In the 1910–1911 off-season, the old ballpark and some of the rides were demolished, and a new ballpark was built within the same large block. Sanborn maps show that the new infield and covered stands were positioned south and east of their predecessor, overlaying the centerfield area of the old park and much of the former waterslide area. Hill Street was eventually cut through the western portion of the large block. The new ballpark bordered Hill Street on its first base side, and was set back from Washington (third base), Main (left field) and 21st (right field). Some local newspapers dubbed it "Washington-Street Park", but "Washington Park" was the prevailing reference.

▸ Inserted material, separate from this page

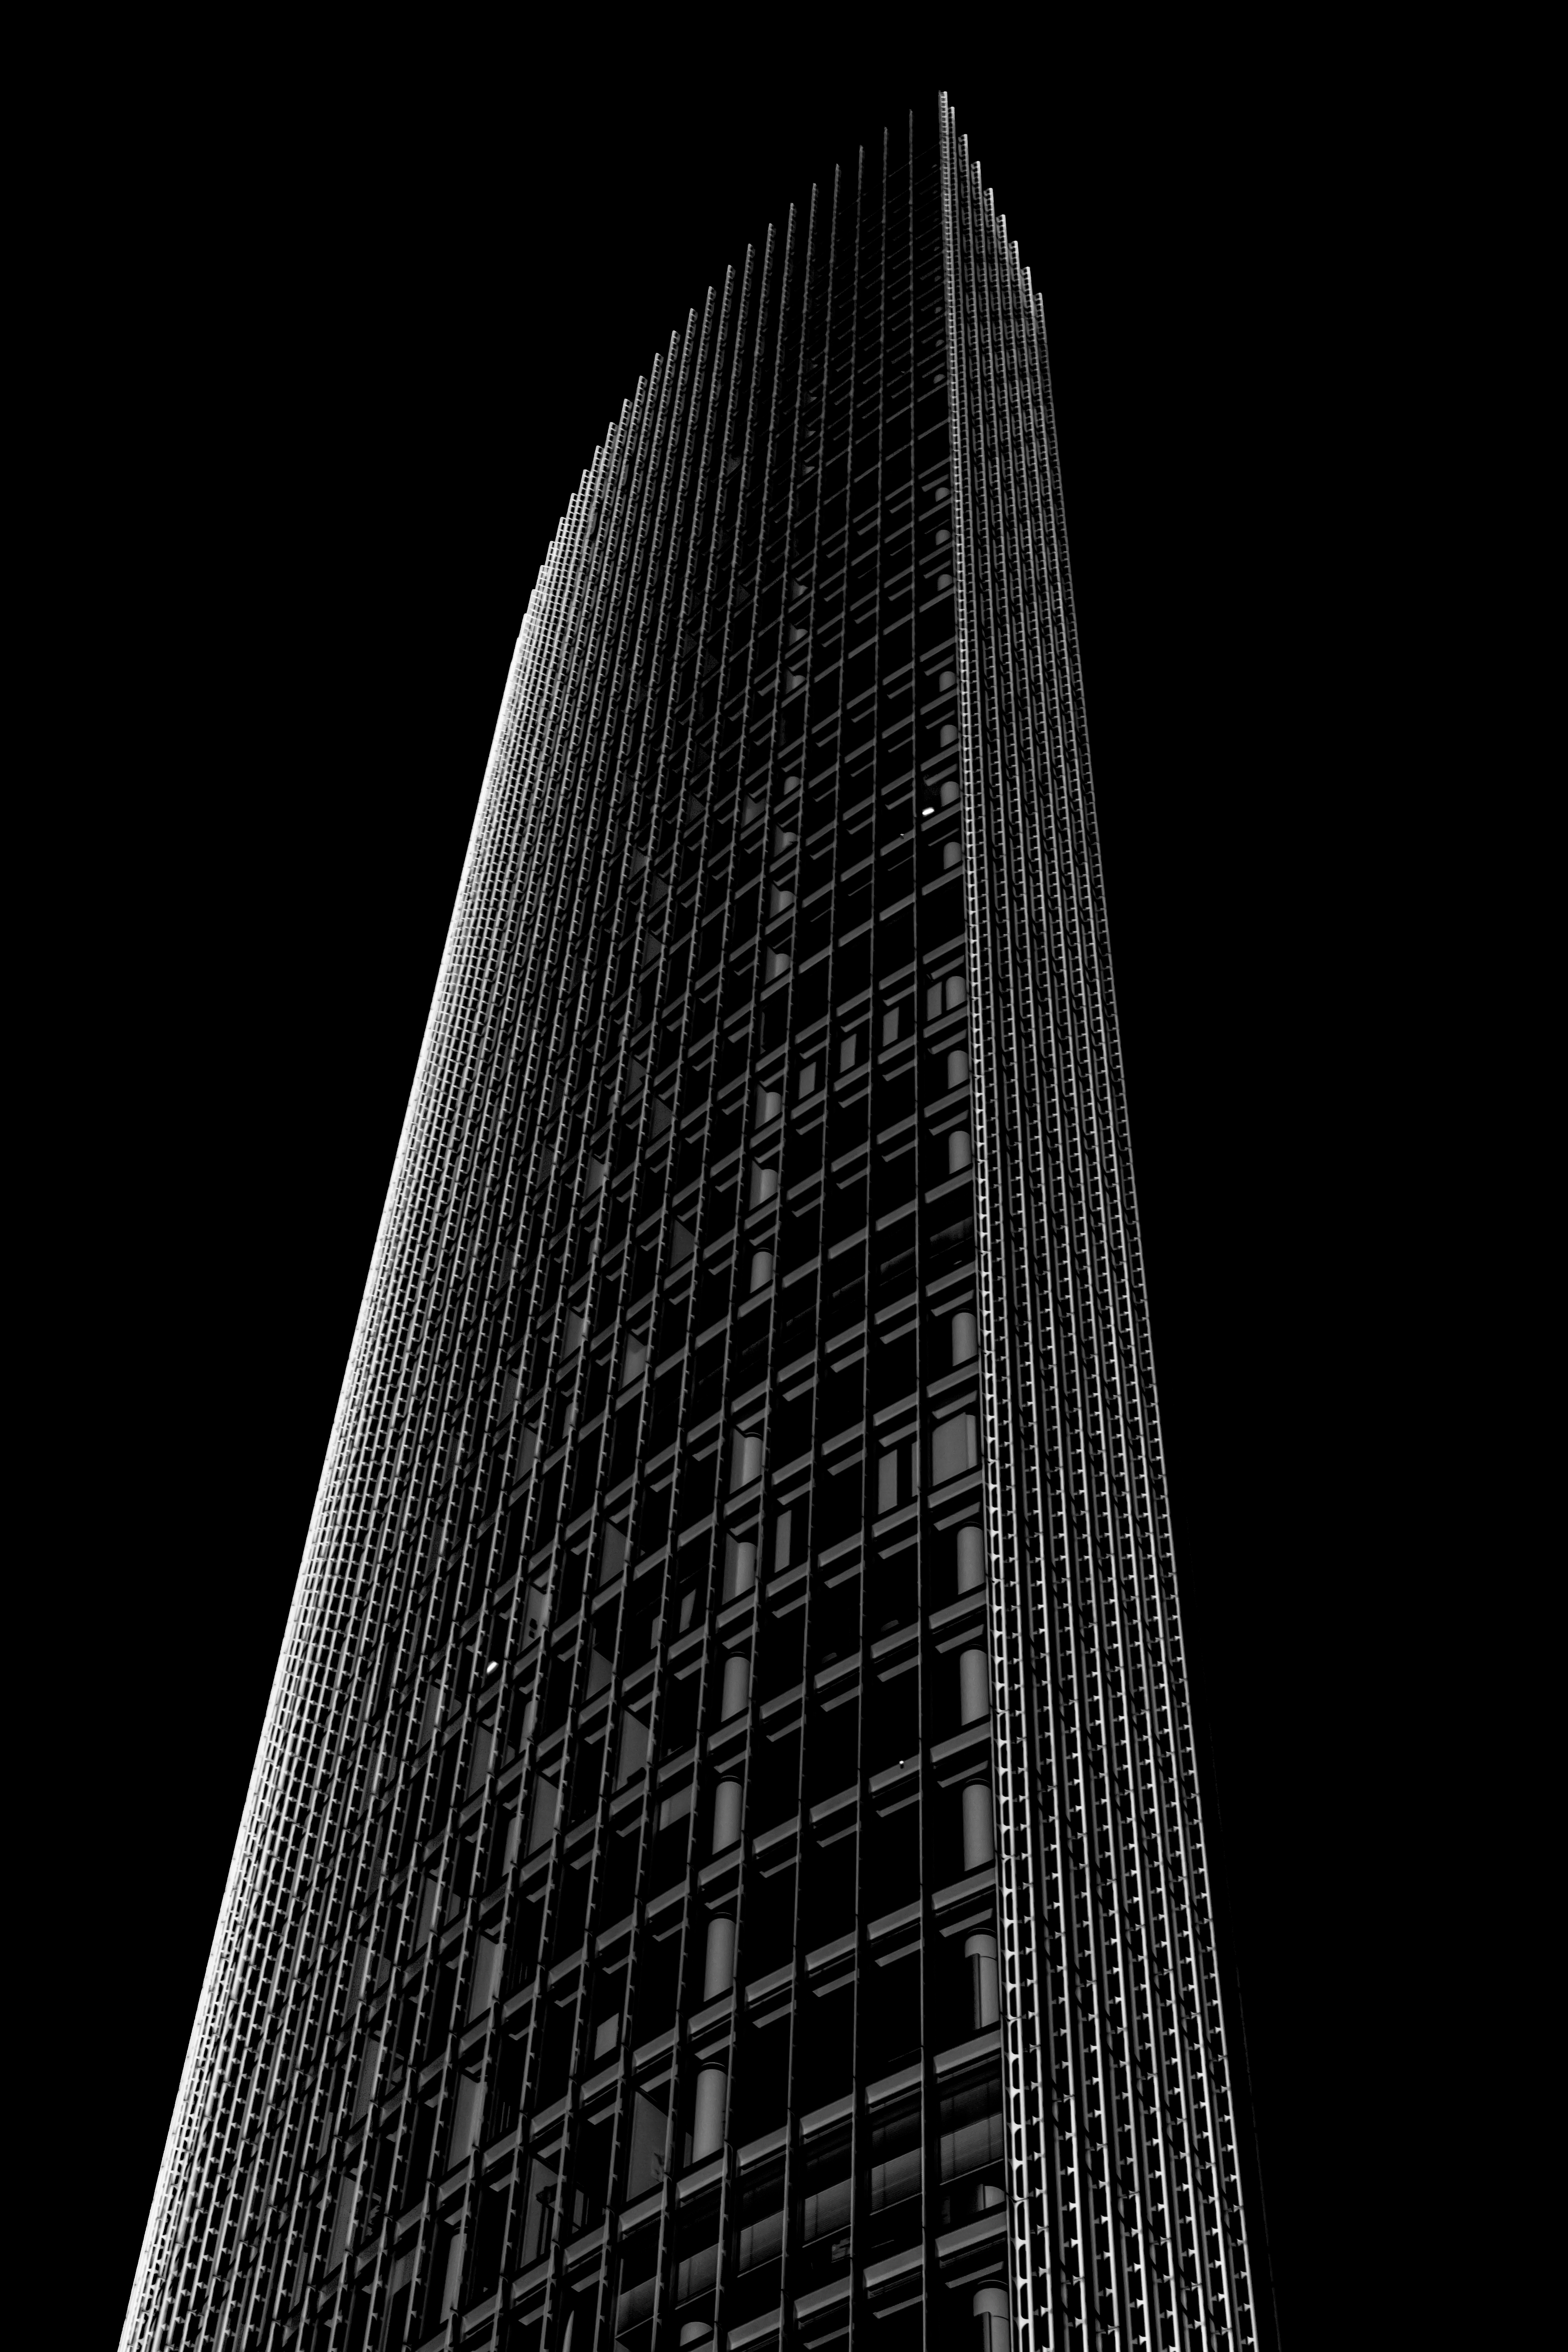 skyscraper, black and white, minimalism, architecture, building, facade

The remaining amusement park structures were sold in late December 1912 and soon demolished. After having played in somewhat cramped quarters for two seasons, Washington Park's seating areas and the outfield itself were expanded for the 1913 season. The now-vacant areas along Main and Washington were eventually allocated for parking. Contemporary city directories give the ballpark's address as 218 West Washington.

A number of aerial photos of Washington Park exist. Some of them show an H-shaped building on the northwest corner of Main and Washington. That building provides a good landmark to orient the photos with the current street maps.

In 1913 and 1914, the Venice Tigers of the PCL also played home games at Washington Park, except for Sunday morning and special holiday games.

A football game between USC and California on November 25, 1915, drew 8,000 spectators, the largest crowd to have seen a football game in Southern California at that time. Buster Keaton filmed a scene of Neighbors (1920) at Washington Park.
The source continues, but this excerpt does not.